My New Store Came With An Unexpected Problem

THE SONIC BOOMER

Because it had been 15 years of nonstop fun at my antiques shop in Florida — a nice weekend retreat and a good excuse to shop for kitsch — I decided to buy another shop, this time near the grandkids in Missouri. That was 18 months ago and, for the past 18 months, I have done nothing but struggle with the place. Oh, don’t get me wrong. I still love going up there and getting a glimpse of the seasons. I still love going to auctions and rooting through estate sales to buy unusual things for my customers. I particularly love arranging and re-arranging the merchandise.

The trouble with the Missouri store is its location. It’s one building in from a busy corner, just like the Florida store, and has a beautiful wooded area behind it. The trouble is, the wooded area is more or less a campground for the homeless. I didn’t know this when I bought the building. To make matters worse, one of the kindly churches just beyond the wooded area hosts free meals for the indigent. Ah, to be a homeless person in that neighborhood.

You wake up in the morning (or, more likely, afternoon) to the smell of fresh coffee being brewed on a campfire in the woods, enjoy a little shot of whatever you’re on (I am totally naive on how this works), grab your backpack and trundle up the hill for your free lunch. You may or may not have doused the campfire, and it may or may not burn down the woods (and my building), but you are blissfully high and unaware. Not your problem.

After lunch, there’s nothing to do, so you head back through the woods and jump the creek, which lands you in my parking lot. You say hi to your friends (the ones who prefer to camp out behind my building so they can power up their cell phones from my exterior outlets and plan the next rendezvous with their supplier), and then you saunter into my shop to see what you can steal. It’s exhausting. For me.

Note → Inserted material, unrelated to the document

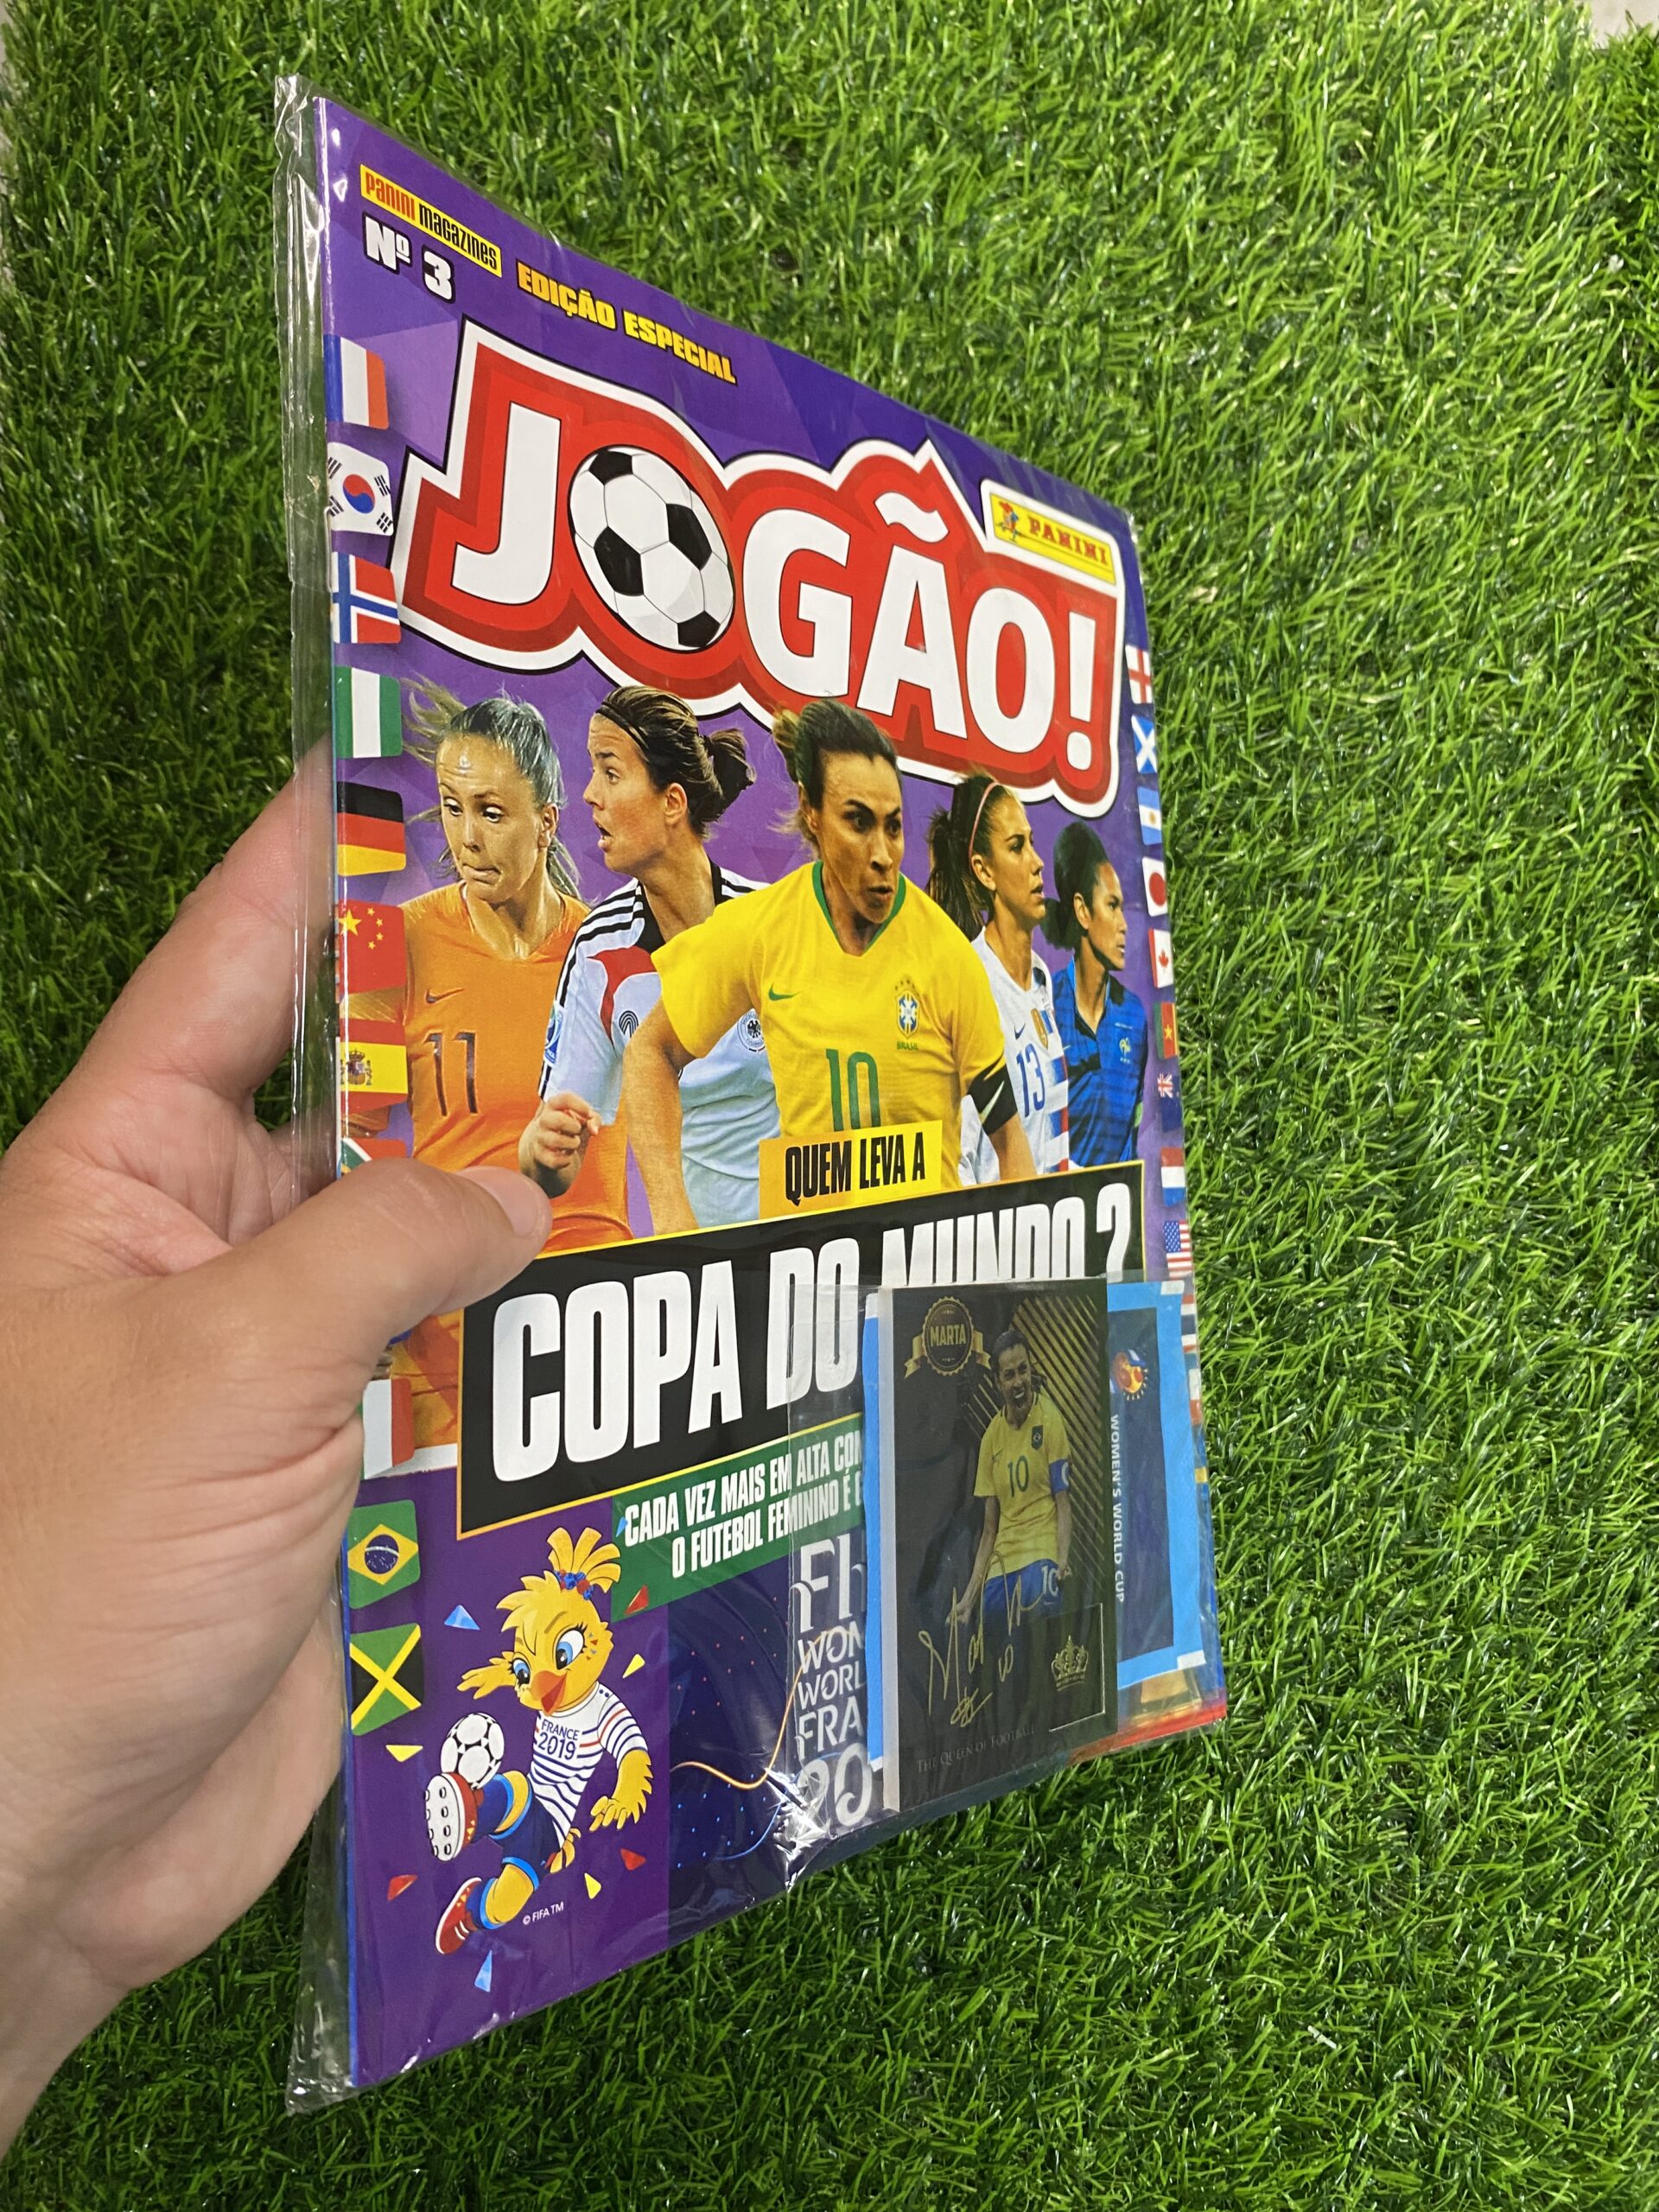 Futebol feminino no Brasil: Agora é a vez delas - Emerge Mag

My job is to keep the exterior outlets turned off, pick up all the trash left behind my building (including two tents so far) and head these people off at the pass before they try to enter the store. If I don’t already know them by their faces, I can usually pick them out of the crowd by their clothes with lots and lots of pockets and the lingering smell of woodsmoke.

Sometimes they’re drunk or high and they pick a fight with someone, and I have to call the cops. When the police show up, their pockets are filled with my jewelry, lots of little goodies from the store next door, and maybe a crack pipe or two. The last one had 12 (yes, 12) outstanding warrants, and her boyfriend had been released from jail the day before. What better way to celebrate freedom than a trip to that sparkling clean, well-organized, cute-as-a-button antiques store down the road?

I’d be bitter, but my real customers are wonderful. Anyway, winter’s coming. Come on, snow!